= Dvipa =

Term in Hindu cosmography

Dvipa (द्वीप, ) is a term in Hindu cosmography. The Puranas describe a dvipa to be one of the seven islands or continents that are present on Earth, each of them surrounded by an ocean. The same terminology is also used to refer to the seven regions of the cosmos.

In the geocentric model of Hinduism, the seven dvipas are present around Mount Meru, which is present at the centre of Jambudvipa, the term employed for the Indian subcontinent. Dvipa is also sometimes used to refer to the abodes of deities, such as Manidvipa.

== Etymology ==
The word dvipa is a portmanteau of the Sanskrit words dvī (two) and apa (water), meaning "having water on two sides". It is cognate with the Young Avestan 'duuaēpa', which means the same.

== Description ==

According to the Matsya Purana and the Bhagavata Purana, the world is divided into seven dvipas, termed as the sapta-dvīpa (the seven islands).
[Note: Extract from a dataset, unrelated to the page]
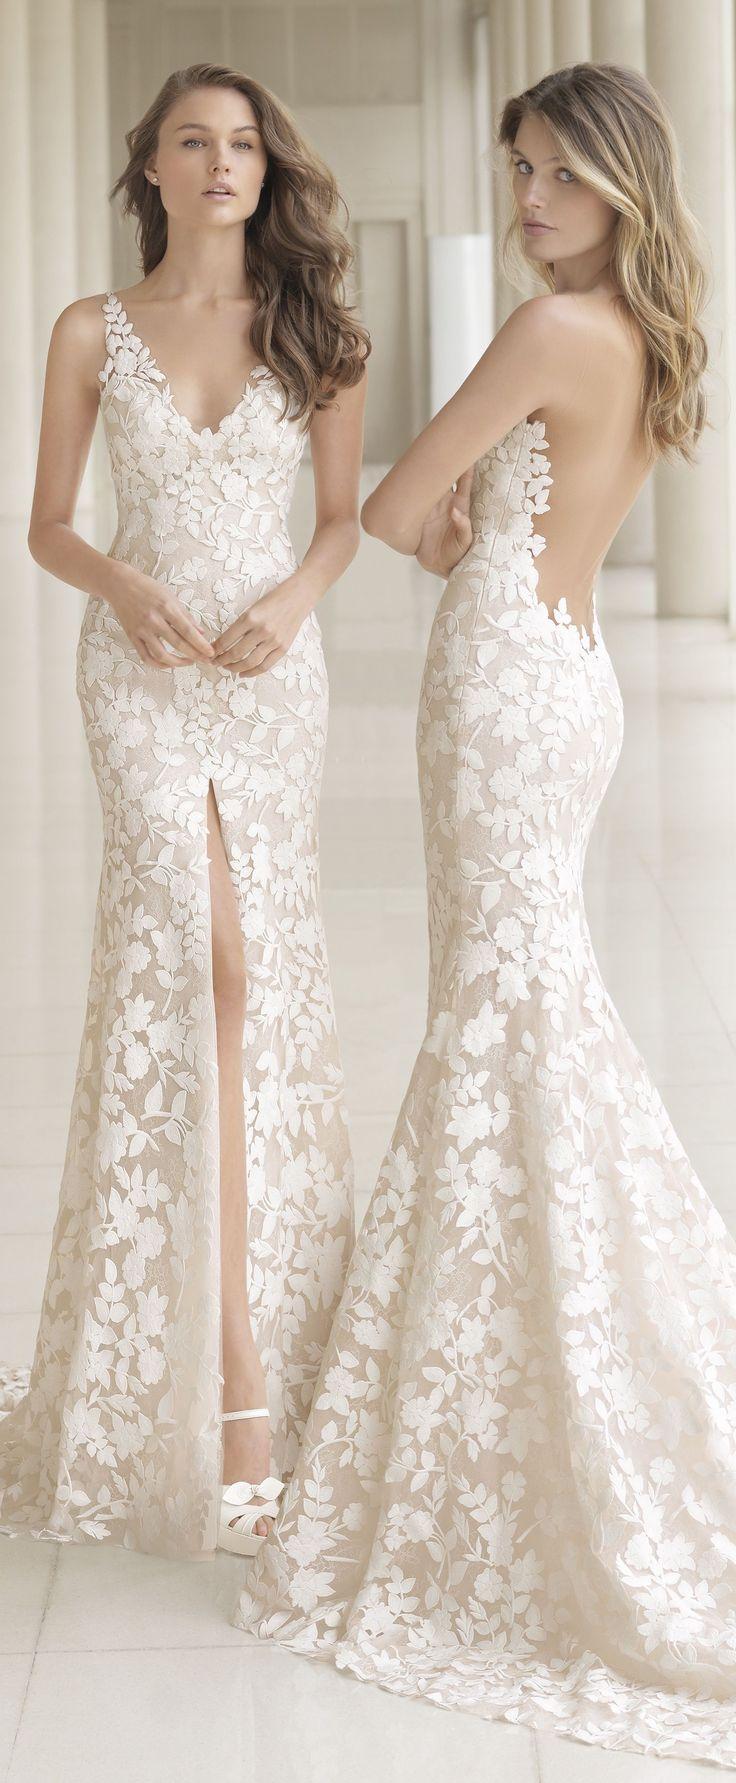 Rosa Aclara Brautkleider # Brautkleider # Brautkleider #rosaclara #rosaclarab ...

The Mahabharata names the following as the seven islands of the world:

| Name | Ocean | Etymology |
|---|---|---|
| Jambudvīpa | Lavaṇoda | Syzygium cumini |
| Plakṣadvīpa | Ikṣurasa | Ficus religiosa |
| Śālmaladvīpa | Suroda | Bombax tree |
| Kuśadvīpa | Ghṛta | Desmotachya bipinnata |
| Krauñcadvīpa | Kṣīroda | The Krauñca hill |
| Śākadvīpa | Dadhi | Teak |
| Puṣkaradvīpa | Jala | Lotus |

The British author Benjamin Walker offers the following description of the dvipas:

Beneath the celestial regions, the earth is arranged in these seven concentric rings of island continents.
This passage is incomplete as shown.